Implementing the FAIR principles in your organization helps maximize the strategic value of data that exists in your institution. These principles, developed by academics, agency professionals, and industry members, amplify the value of data by making it Findable, Accessible, Interoperable, and Reusable (FAIR).

  • Findable data are labeled and annotated with rich metadata, and the metadata are searchable.
  • Accessible data are open to researchers with the correct authorization, and the metadata persist even after data are gone.
  • Interoperable data follow standards for storing information and can operate with other metadata and systems.
  • Reusable data are well-described and well-tracked with provenance for computation and processing.

Modern informatics systems should deliver on the FAIR principles while supporting the workflow needs of researchers as described above.
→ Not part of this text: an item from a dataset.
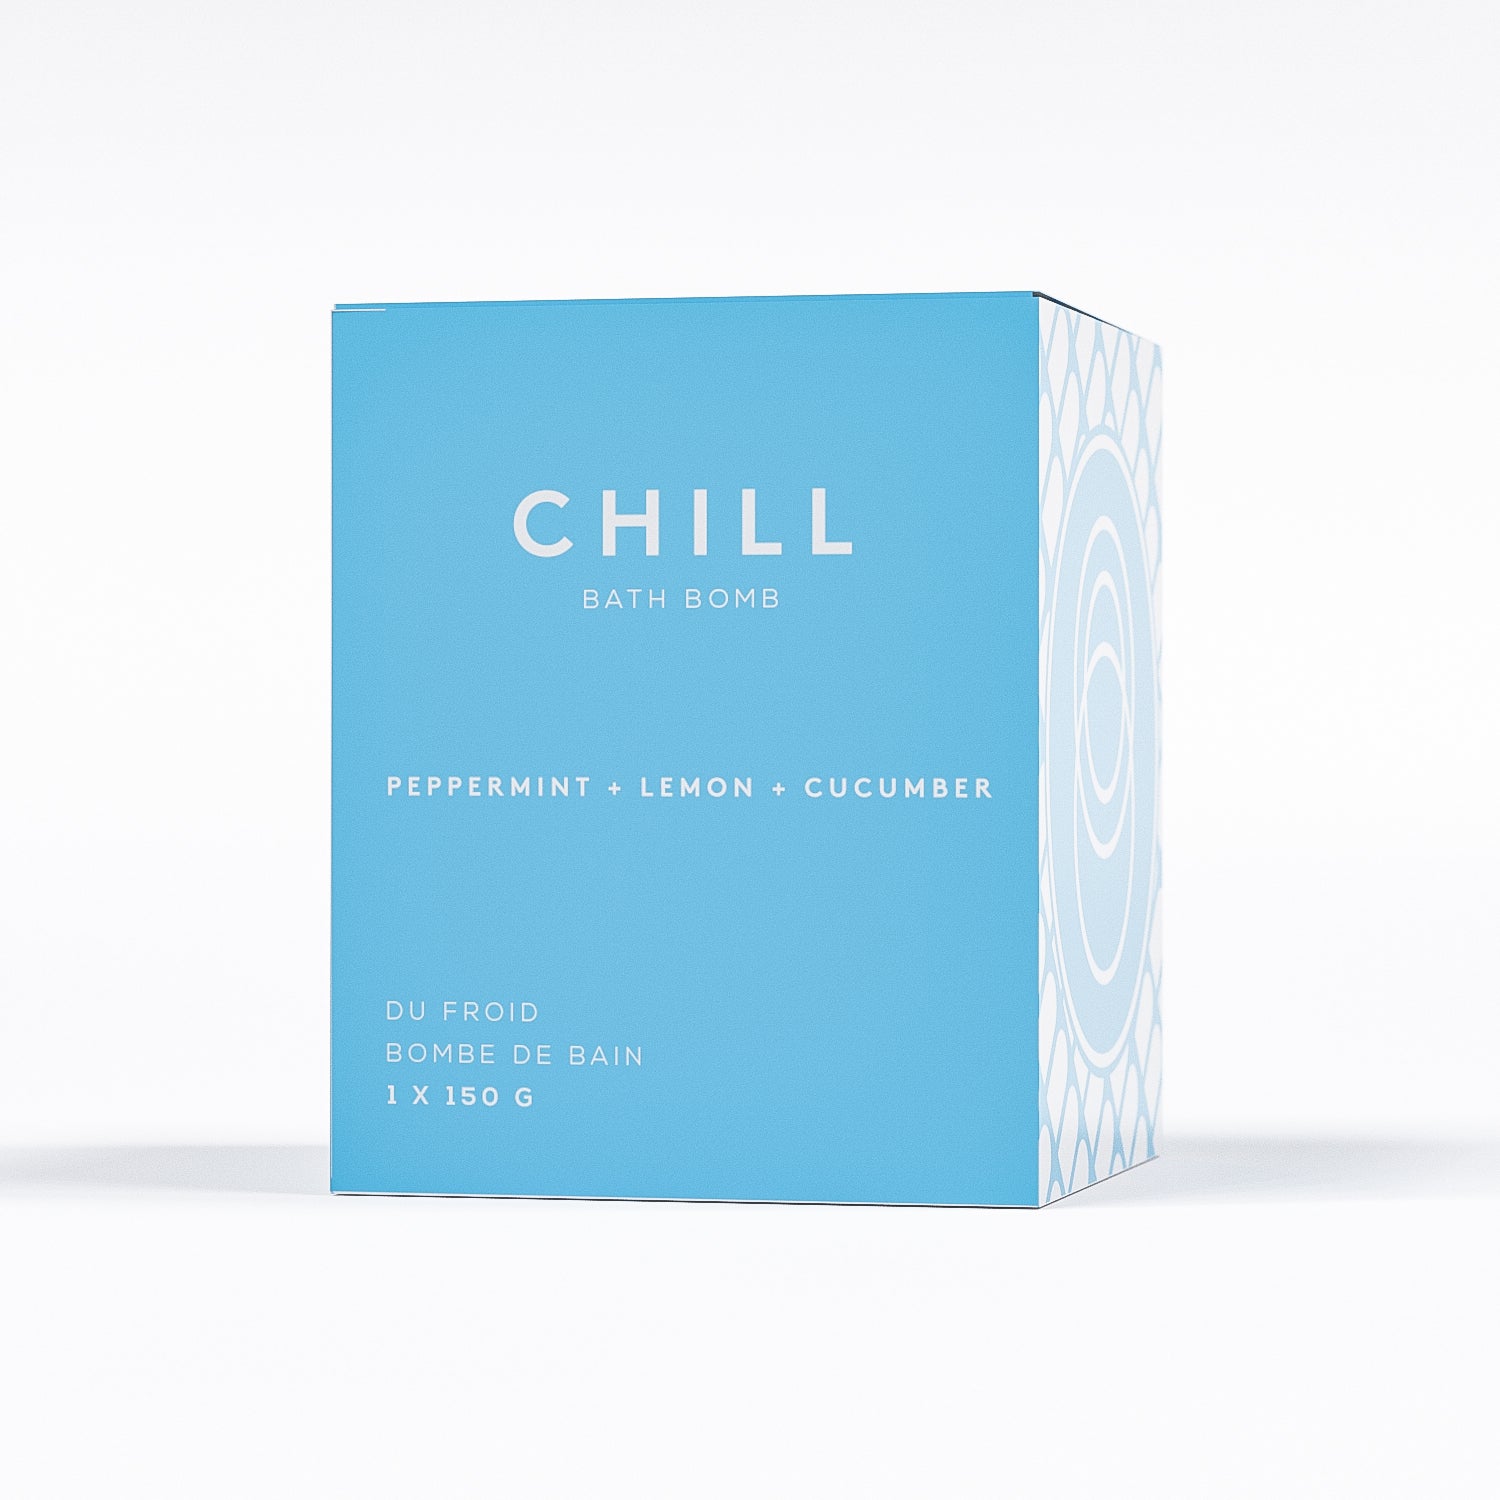 chill peppermint bath bomb in blue square box by bare skin bar

A clinical research platform designed to enhance productivity and accelerate innovation

Flywheel is a new class of informatics platform that addresses the unique needs of researchers involved in imaging and machine learning. Deployed at leading research institutions around the world, Flywheel supports the entire research workflow including capture, curation, computation, and collaboration, plus compliance at each step.

Capture

Flywheel is designed for true multimodality research. While the system specializes in the unique data types and workflows associated with imaging, the platform is capable of managing nonimaging data such as EMR, digital pathology, EEG, genomics, or any other file-based data. Further, Flywheel can automate data capture from imaging modalities and also clinical PACS and VNAs to streamline research workflows as well as translational testing scenarios.

Curate

Flywheel is unique in its ability to organize and curate research data in cohort-centric projects. The platform provides extensive tools for managing metadata including classification and labeling. Quality assurance is supported through project templates and automation rules. Integrated viewers with image annotation and persistent regions of interest (ROIs) are provided to support blind multireader studies and related machine-learning workflows. Powerful search options with access to all standard or custom metadata are provided to support the FAIR principles.

Compute

Flywheel provides comprehensive tools to automate routine processing, ranging from simple preprocessing to full analytic pipelines and training machine-learning models. The platform scales computational workloads using industry-standard "containerized" applications referred to as "Gears." Gears may originate from Flywheel's Gear Exchange containing ready-to-use applications for common workflows or may be user-provided custom applications. The platform supports elastic scaling of workloads to maximize performance and productivity. Gears automate capture of provenance to support scientific reproducibility and regulatory approvals. Further, Flywheel helps you work with existing pipelines external to the system with powerful APIs and tools for leading scientific programming languages, including Python, MATLAB, and R.

Collaborate

Collaboration is enabled through secure, IRB-compliant projects. Collaboration may be within an institution or across the globe for applications such as clinical trials or multicenter studies. Flywheel projects provide role-based access controls to authorize access and control sharing of data and algorithms. Data may be reused across project boundaries for applications such as machine learning, which require as much data as possible.

Compliance

Flywheel helps reduce security and data privacy risks by providing a secure, regulatory-compliant infrastructure for systematically scaling research data management according to HIPAA and GDPR requirements. The platform provides integrated tools for deidentification of research data to ensure the protection of personal healthcare information.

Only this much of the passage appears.